Why did the downfall of the Red Sox occur after the incredible accomplishments of 04 and 07?  The narrative makes clear that winning the World Series in 2004 was all about the sport  but following the repeat victory in 2007 it became all about the money.  The Red Sox franchise at the behest of ownership became money machine in which everything Red Sox was for sale. When the performance on the field faltered in 2008 and 2009 and television ratings on the club owned cable channel began to plummet the financial concerns from the front office further impacted the play on the field. By 2010 fan and media pressure for another championship became so intense that the quick fix was to adopt the New Yankee strategy of throwing money at the problem. The result was the John Lackey, Carl Crawford  disaster and the ruination of Francona’s ability to control, the club house ethos.

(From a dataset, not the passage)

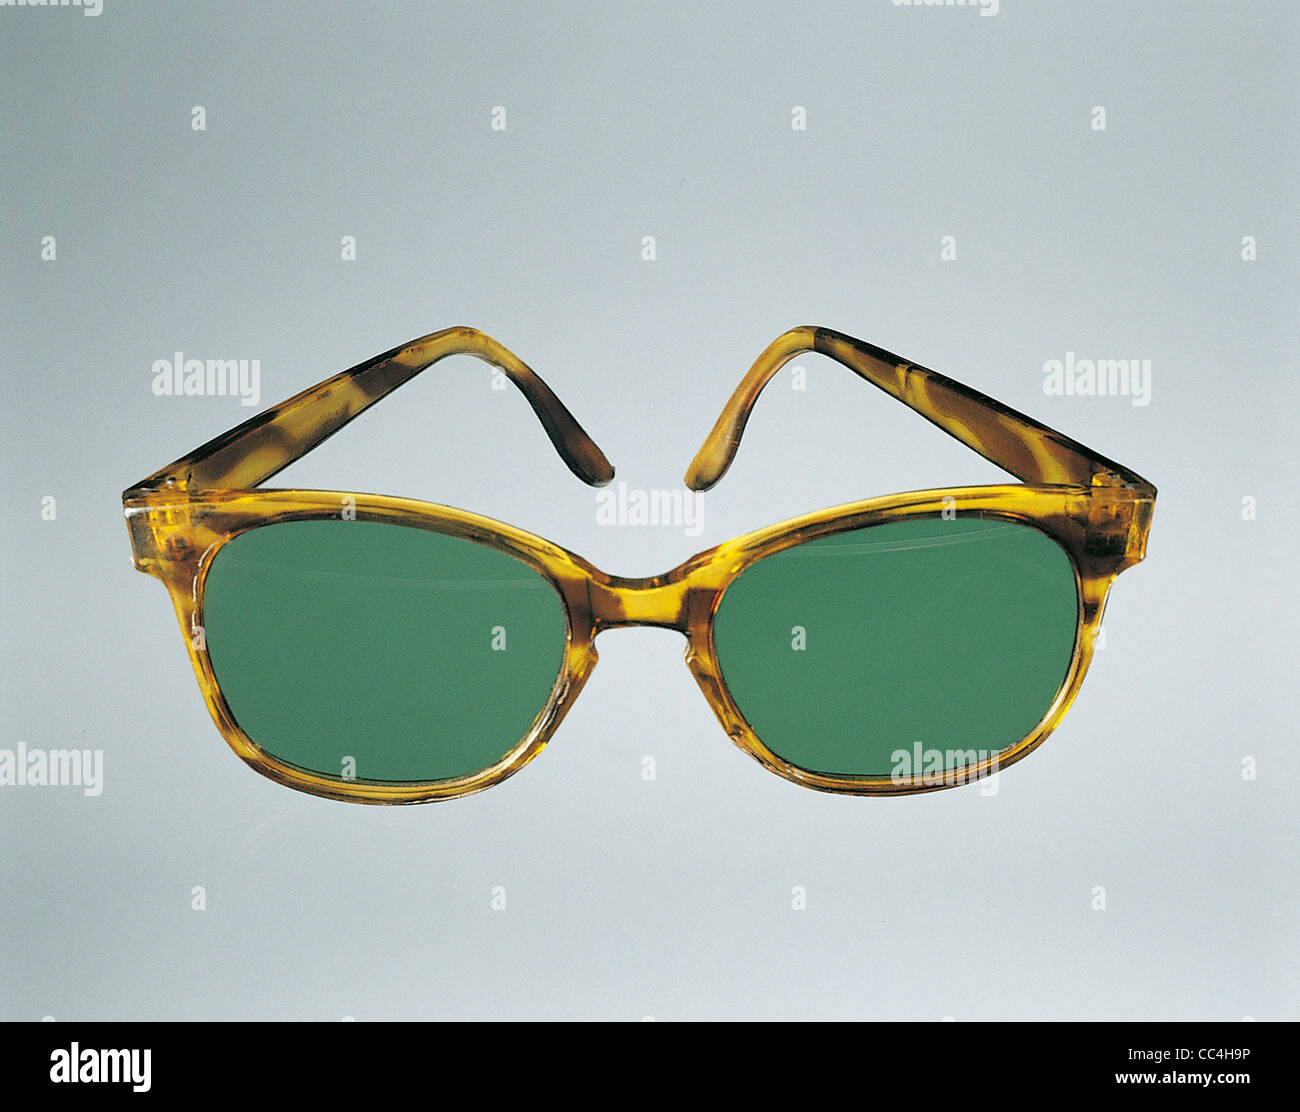 Mode-Accessoires: Sonnenbrillen Kunststofflinse Grünstich 60-70 Fabrik Industrie trat Casalmaggiore Stockfoto

FRANCONA is clearly a thinly veiled rout of the Red Sox top brass with Larry Lucchino receiving the bulk of the wrath. However, there is much in this book that reflects wonderfully on  the game and the Boston clubhouse culture established by Francona when he arrived from Philadelphia catapulting the Sox into  two World Championships.  Clearly, Tito and Dan Shaughnessy leave the impression that Terry Francona is a  “players manager”  and the perhaps best ever in the most difficult managers spot in all of baseball.  It was an impossible position for Bobby Valentine to fill in 2012 and Valentine quickly fell into the trap of making all of the wrong moves with Tito’s boys.  Will John Farrell have better luck?  As Francona’s former Red Sox pitching coach he has a better understanding of the culture,  ownership,  fans and the Boston media. What about Francona in Cleveland?  We will see how the “player’s manager” will perform. However, we can guarantee a hero’s reception when the  Tito and the Tribe arrive for their first game at Fenway this spring.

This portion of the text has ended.